Her husband nodded to humour their child. Mila felt a new worry engender in her chest. If this Regent is truly their niece, how would she take to a family that once "sold" her cousin to Moscow Tower? Petra's training in Moscow was highly encouraged by herself and Mikhail, who had wished Petra a fruitful career out of fear and hope—but they all knew how that turned out. And in their exile to Yekaterinburg, they seldom contacted Petra except for the seasonal greetings and when Petra called, leaving her entirely in the capable hands of Aunt Klavdiya. According to rumours, this Regent, for all intents and purposes, was a monstrous existence, an exterminator of cities, a Void Witch famous enough to be known even in Moscow's Frontiers.
"Da, Papa." Petra's digits moved to envelop theirs. Her daughter's hand was calloused and rough from the Enchantment work. "Don't overthink, and come with me to Shalkar al-Jadeedah. Forget about Moscow. There are opportunities in our city you cannot imagine. It's Gwen's domain, and she is a fair and visionary leader."

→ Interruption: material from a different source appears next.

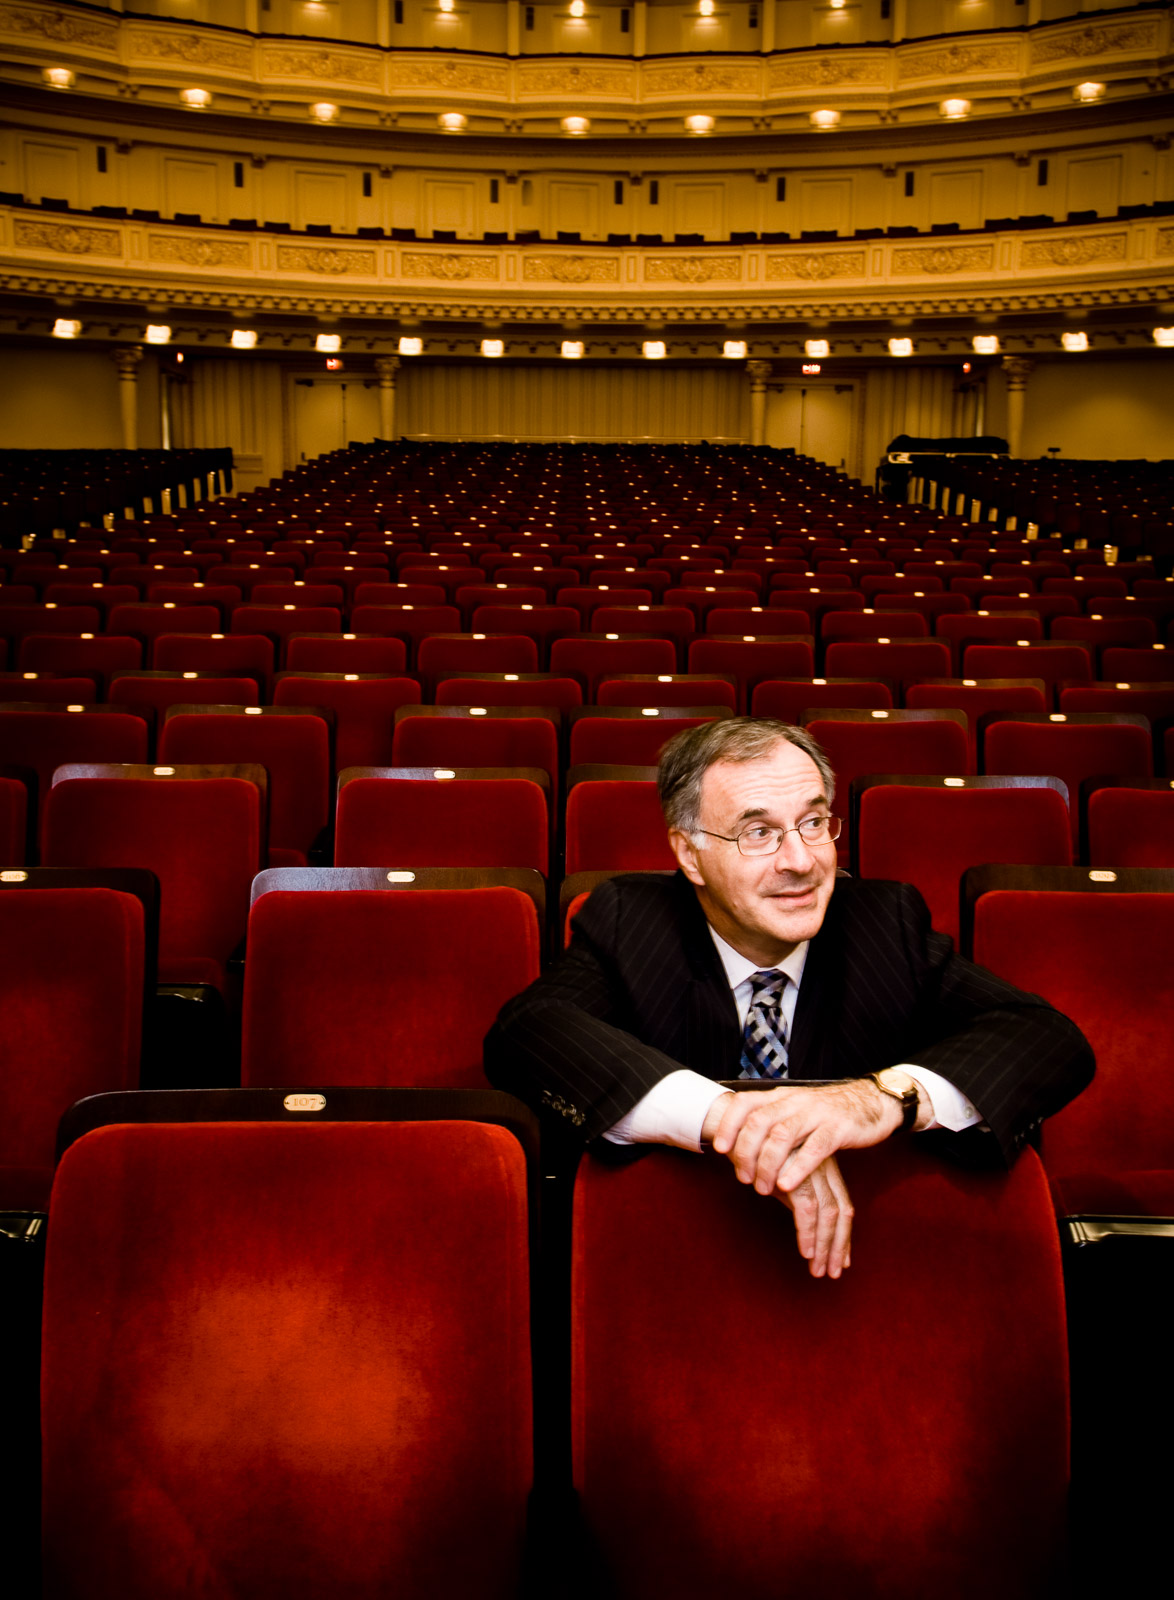 Sir Clive Gillinson / Director of Carnegie Hall
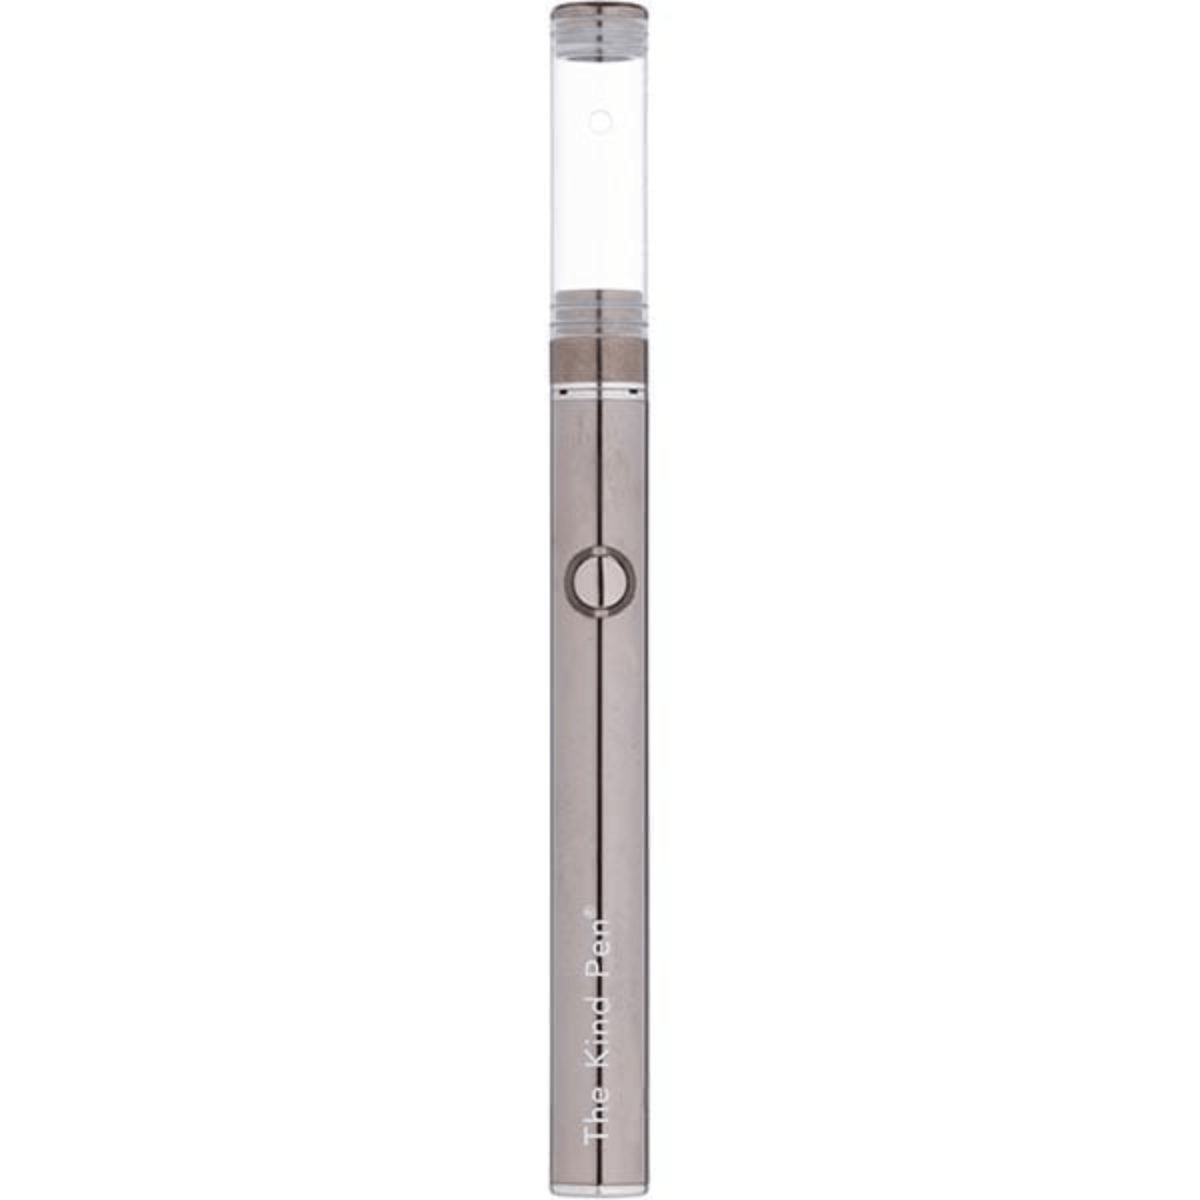 The Kind Pen Wax CBD Premium Pen image

Her husband did not refuse their daughter's offer, and she could feel his worries growing. The loss of its Ural Frontier might weaken Moscow, but a crippled behemoth is still a monstrous existence. Its claws are long and unyielding…
As for this Shalkar al-Jadeedah of Petra's—
If indeed the Mageocracy's New Frontier was as richly endowed as her daughter promised, what rewards would the likes of Sergey see when they were inducted into its welcoming halls? At the apex of Moscow's Tower, those old Magisters were gilded Goblins wearing human-skin masks!
Tryfan.
Trawsfynydd Trading Post.
After loading up on several Large Storage Rings of rare and local goods, the Regent of Shalkar was ready to depart the Pillar of the Axis Mundi.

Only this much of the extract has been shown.